Just thought that, my friends.. do I have a real true friend? I can say the reason why I don't really click with the friends in school that well is because I don't like to do the stuffs they do, normally slacking around and shit like this. Like many would agree, people with similar interest will click really well and thats why traceurs do have a really special bonds towards each other. The people I talk to in msn is mostly traceurs, and really rare when a schoolmate of mine talk to me, or I talk to them. But then, one can hardly live alone, I'm not saying to be dependent on someone to live, but to be able to have help when we need it. Also at times where I need to pour out my thoughts and troubles, who will be there to really listen and really help. Ahh, well. I don't know much, I just feel that I'm not that sociable and too much obsessed with training. I wonder whether its a good thing or not.
BUT. Pahcore does really change one person. You know many people like to try different things that appeals to them. I was once a guy who really like soccer, and then for awhile I was into gaming, but then now I tried Pahcour with my poser friends in the past, and this is what I've became to. Actually to be honest, many guys started would be really interested and always wanting to train, thats normal. But sooner or later, they might start to get bored of it and slowly lose interest and drift away OR get more serious it in. I won't say 2 years will be enough to see one guy being serious in Parkaour. I'm talking about 3 years of hardwork and proper training. Its only then it becomes and natural habit to go out and train everyday, and only feel weird if you are not training.
Anyway thats way off topic. Changing ones life doing Pahcor, it really does. Of course Pacor does not appeal to everyone. Only a selected few. Its just change everything, the view on things, the way it affects your life, and your friends.. diet, family, all kinds. Its really a turning point in life, towards to right direction. Do you know something, my grades actually did improve while still training hard, I was training throughout my exams and I ended up 11/195 level position.

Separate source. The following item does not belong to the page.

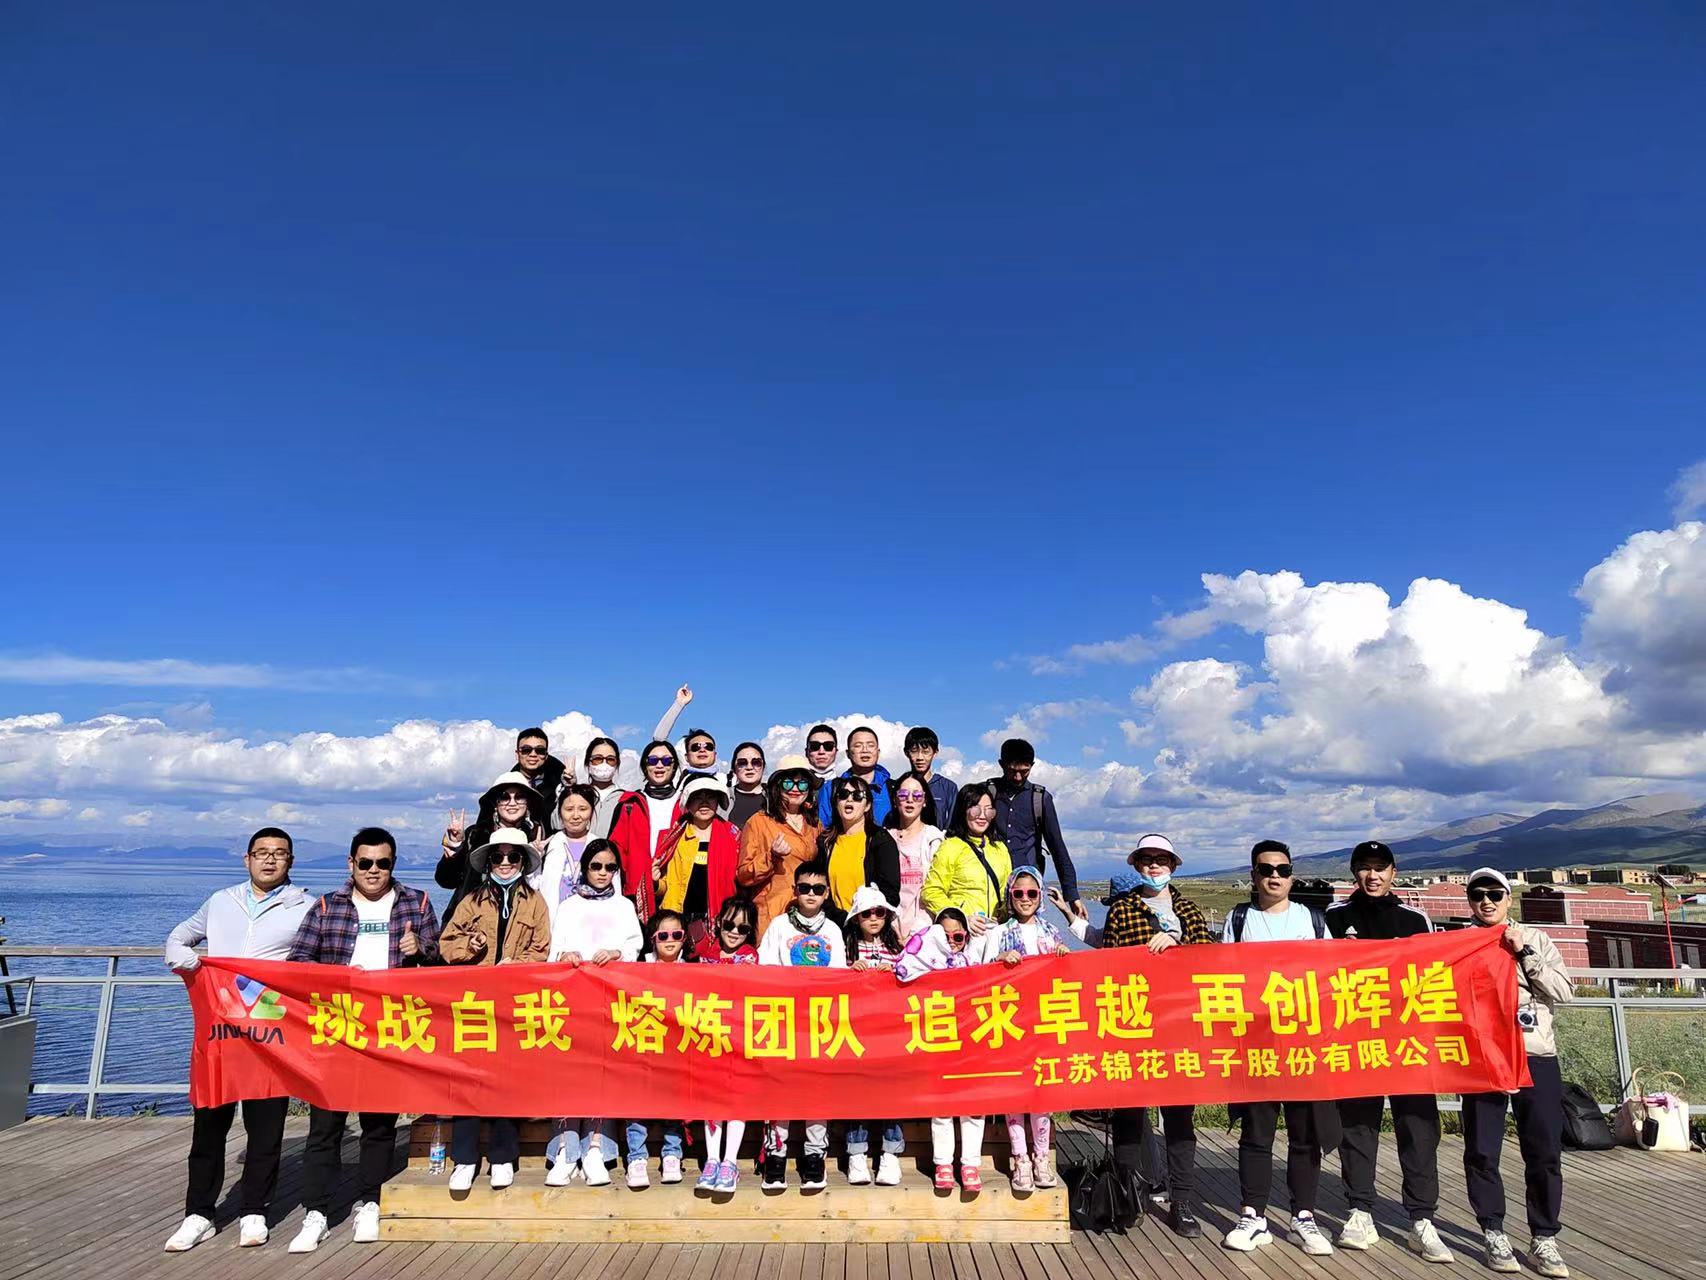 ¡CONSTRUCCIÓN DE EQUIPOS! - Turismo anual de visitas al noroeste de China

Not bragging at all but just saying it did somehow made me more discipline even my studies, and just saying you shouldn't give excuses not to train because of schoolwork/exams/shit, and lastly on the contrary, if you train alot, doesn't mean your results will slacken.

Oh well the recent case of PKSG being on stomp and those shit, made me thought of how irritating Singaporeans are. I don't really like the stares from the public especially when its like carried with negative connotations. I really hate those aunties and malay mats.. Oh well, when you are living in a such crappy country, rushing progression in architecture and urbanization when its only 43 yearold+/- .. nevermind, talk about Singapore only angers me.

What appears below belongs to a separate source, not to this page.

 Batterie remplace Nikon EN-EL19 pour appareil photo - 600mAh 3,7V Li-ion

I wanna find more different kinds of music now, I got ideas for videos (my videos) that I wanna make in the future. Documentary-themed video which I plan to be about 8minutes long, I will be talking about my life and Parkour, telling everybody how I feel and things like that. And another, probably a short epic trailer kind of video, artistic and epic feel to it. To make such videos, I must have good music woohoo.
I used to watch snowboard flicks and try to learn their camera movement. I'm still waiting to download Double Decade and Teenage Love Graffiti from two of my favourite production teams, MDP and Isen7. Because snowboarding is quite similar to film for Peekay, its kinda cool that I could try to learn the way the move their camera for shots. Its easier said than done though.. I just can't wait to see their new movies.

To think about it after some soul-searching, I realize as a person I don't really think I've been a good one, I feel that I'm sometimes pretty irritating and things. I don't really thing I cherish my friends properly, thinking that I'm taking things for granted. Sometimes I couldn't take insults, sometimes I give too much insults. I might always tend or seem to be a little boastful probably subconciously. Then I do contradict myself at times, kinda like hate people because they do things that I actually do as well.. and many more.
Year's almost over and I hope to have a brighter year ahead, especially when this year is OLEVEL YEAR NOOOO!!

I'm gonna write a year in review soon.
This post is filled with crap. Wasting time reading much?